1943: July: Ede and R.A. Butler publish a formal white paper on planned education reform.
1944: March: The Education Act 1944, steered through Parliament by Ede and Butler, receives its Second Reading.
August: Ede becomes Parliamentary Secretary to the Ministry of Education.
1945: Labour wins the general election.
August: Ede is appointed Home Secretary in Clement Attlee’s government.
1946: The Police Act is passed.
1947: The Fire Services Act is passed.
Ede addresses the General Assembly of the Unitarian Church.
The school-leaving age is raised to 15.
1948: The Civil Defence Act, Children Act, British Nationality Act, Representation of the People Act, and Criminal Justice Act are passed.
Lilian Mary Ede, James Chuter Ede’s wife, passes away.
The Lynskey tribunal, established by Ede, investigates allegations of corruption among government ministers and civil servants.
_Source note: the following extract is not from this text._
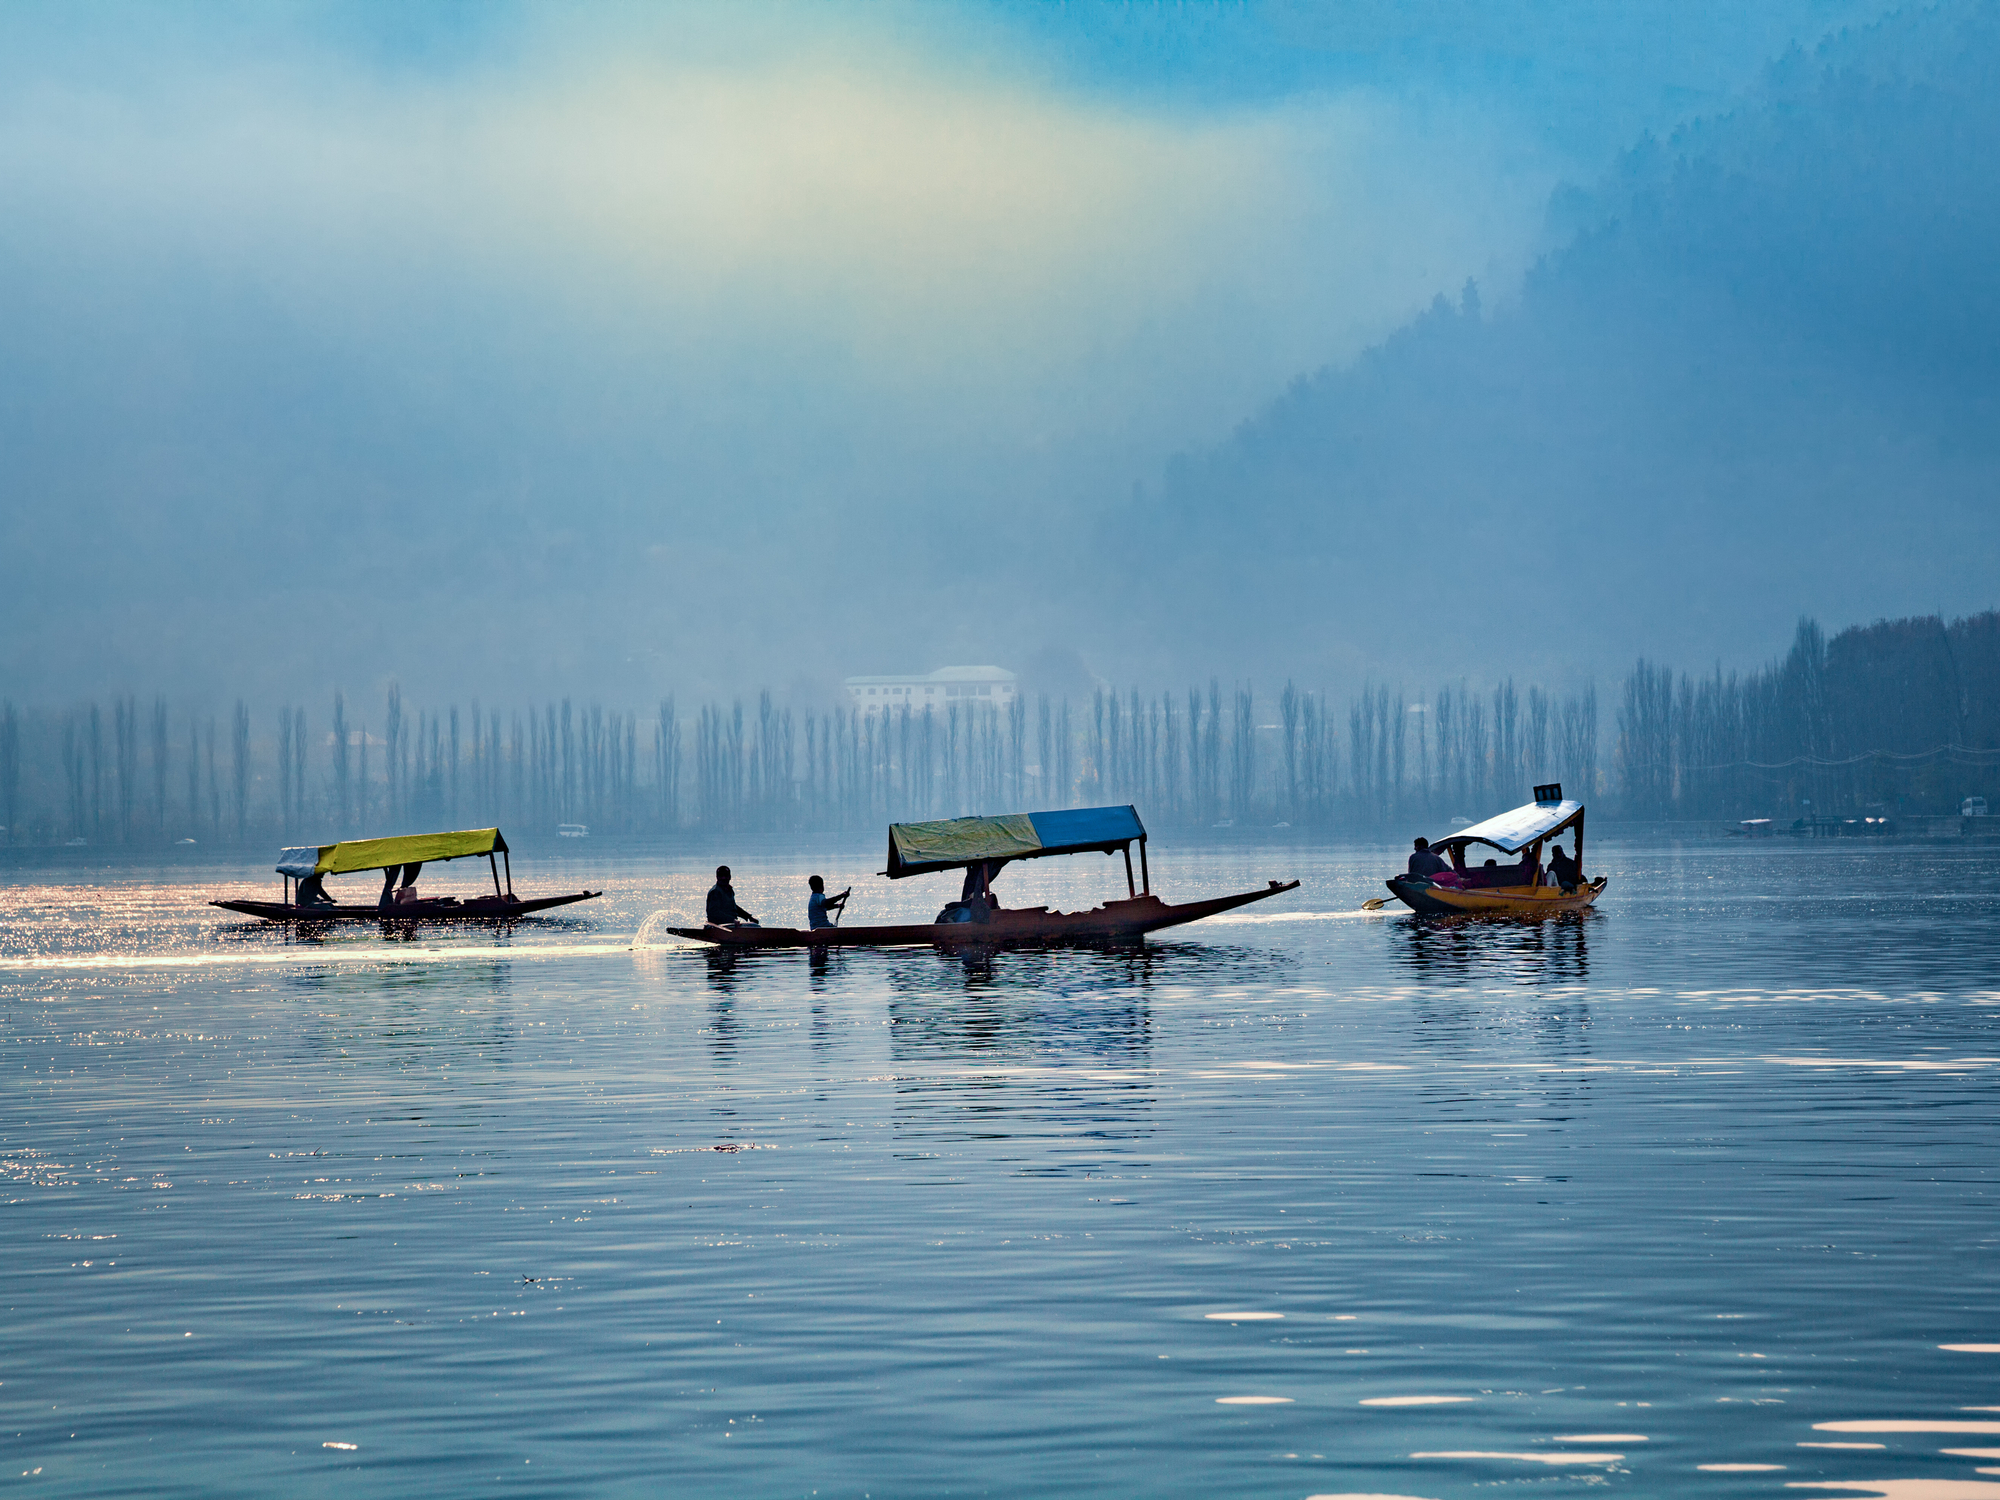 Direct evening flights to boost tourism in Kashmir

Timothy Evans is convicted of murdering his daughter, and Ede approves his death sentence.
1949: The Justices of the Peace Act is passed.
1950: Ede begins commuting all death sentences to life imprisonment, but the House of Lords rejects this policy.
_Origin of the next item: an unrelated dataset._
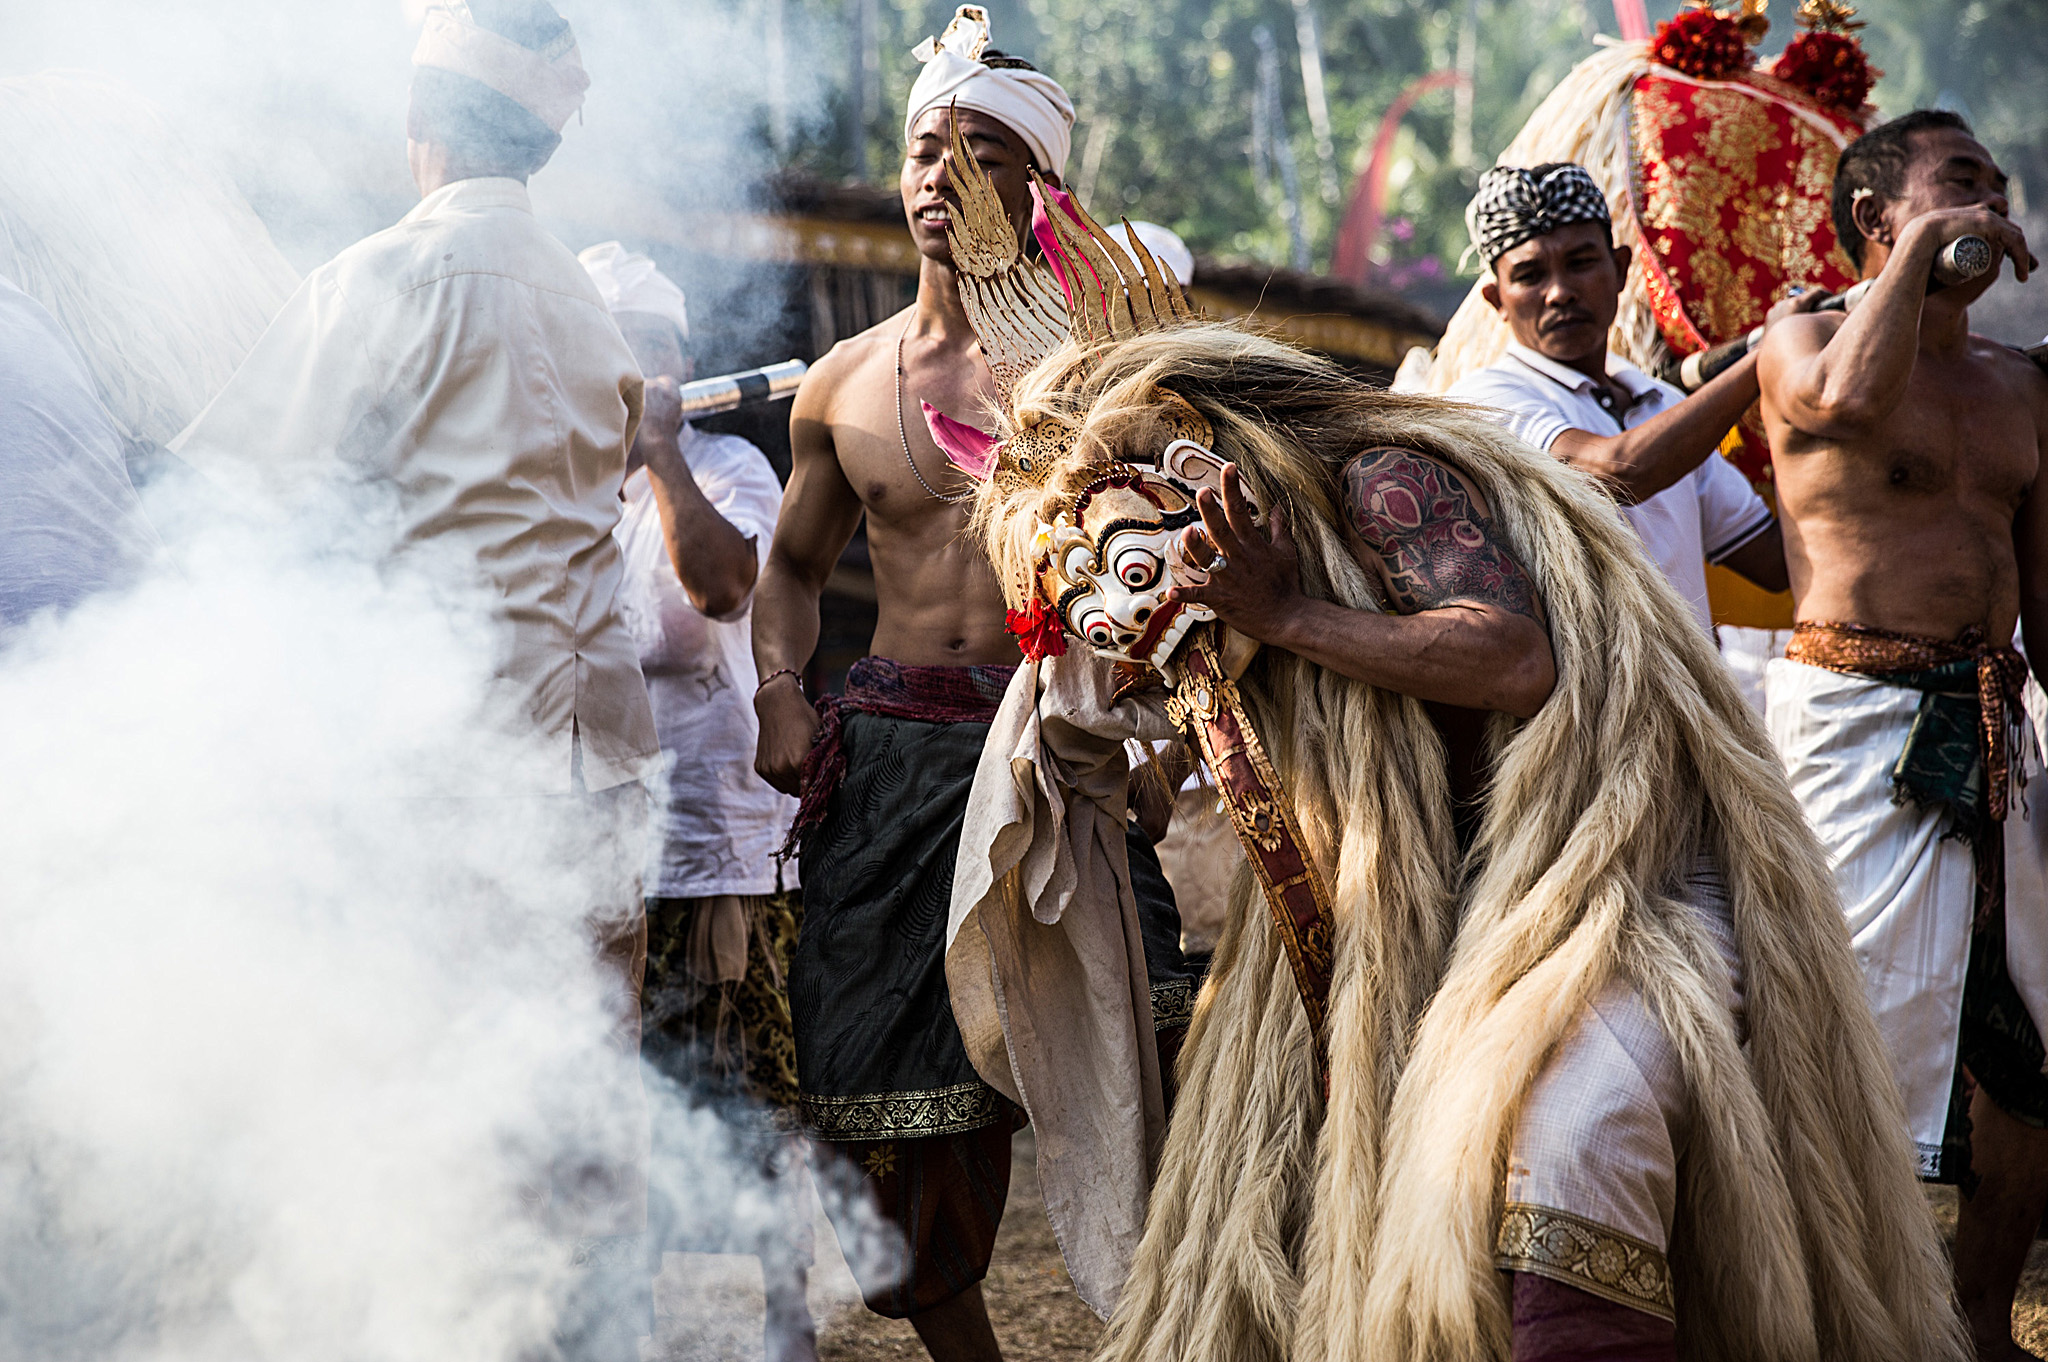 Balinese Villagers Celebrate The Annual Ngusaba Puseh Ritual

1951: Labour loses the general election.
March: Ede briefly serves as Leader of the House of Commons.
October: Ede leaves his government posts.
1953: John Christie is convicted and hanged for murder, revealing that Timothy Evans, hanged in 1950, was likely innocent. Ede becomes involved in the campaign to pardon Evans.
1955: Ede is elected President of the International Association for Liberal Christianity and Religious Freedom (IARF).
1957-58: Ede serves as President of the Unitarian General Assembly.
1964: Ede retires from the House of Commons.
1965: January: Ede is created a life peer as Baron Chuter-Ede of Epsom.
November: The Murder (Abolition of Death Penalty) Act is passed, abolishing capital punishment for murder in the UK.
November: James Chuter Ede passes away in Ewell, Surrey.